No wonder my friends in town don't want to hear what I have to say when I feel a bit low because of the long-term consequences of the abuse, and no wonder my own mother wants to forget about the whole thing.
As I told Miss Carla, this is victim-blaming AND my snake looked like a bloody canary when I met him. He was delightful until he morphed into his own version of Mr Hyde. AND, to the rest of the world, he was ALWAYS Mr Charming.
I'm not stupid.
I wasn't stupid back then.
I was targeted by a sick wanker, who, unfortunately, was twisted enough to find a way to control me long enough to do with me as he pleased.

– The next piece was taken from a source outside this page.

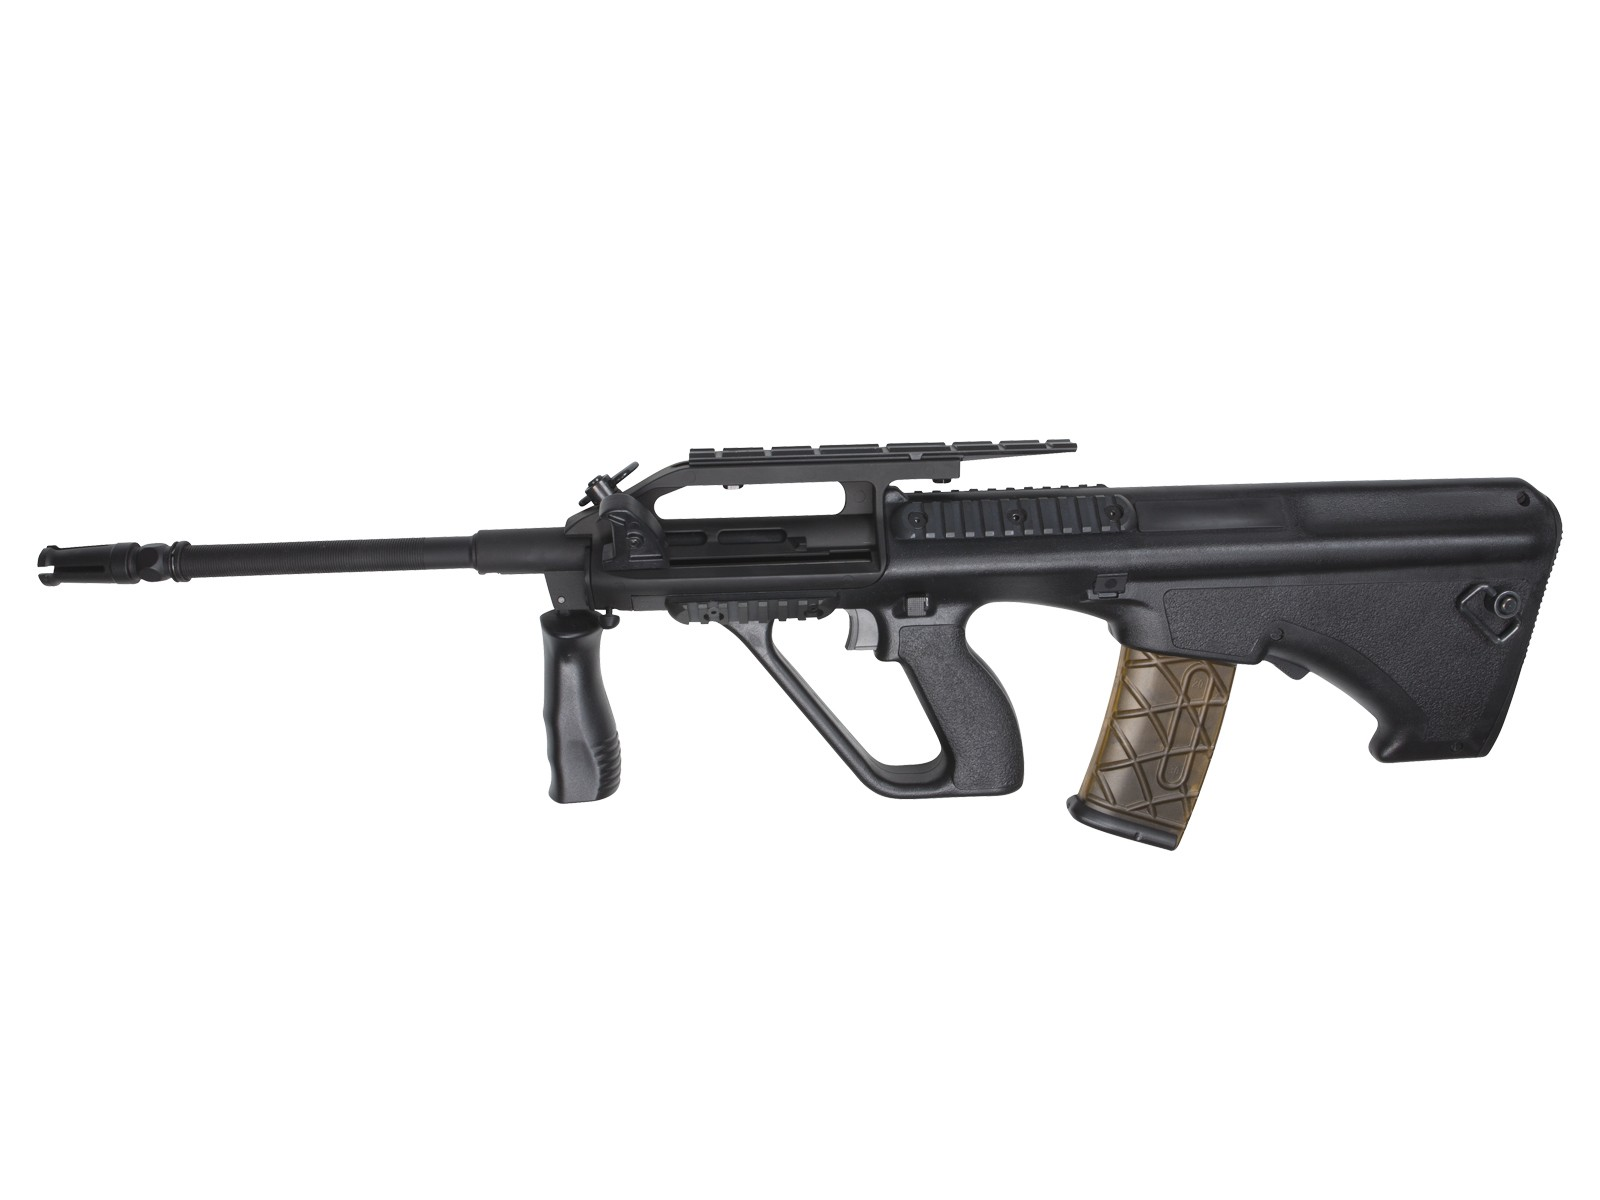 ASG - Fusil d'assaut Steyr Aug A1 ProLine  - AEG (1.1 joules)

It's frigging easy to say 'Don't pick up a snake if you don't want to be bitten!'. These creatures don't show their fangs until it's too late and the VICTIM cannot escape.
I wish we could eradicate all forms of abuse, but it seems that there's still a lot of education to do if we don't want the Valicias and Carlas of the world to hand out useful advice to not pick up the snake, but it seems that people who haven't been walking in the shoes of a victim of abuse simply cannot understand how devastating and paralysing it can be to find oneself into the clutches/fangs/whatever of a gifted abuser.

We're not stupid.
Our abusers are twisted. They're the ones who must be blamed. To keep working on the snake image, the issue isn't 'Why did the girl pick up the snake in the first place?', but 'Why did that snake think it had the right to bite its rescuer?'.
Victim-blaming isn't nice. There's no need to pile up more negativity on the backs of victims.
I suspect that Miss Carla is in the US. I'll see if she answers when she gets up, but I doubt it...

My first play will be out in June, and I must say I'm 'happy' that it's about abuse and the dire consequences it can generate.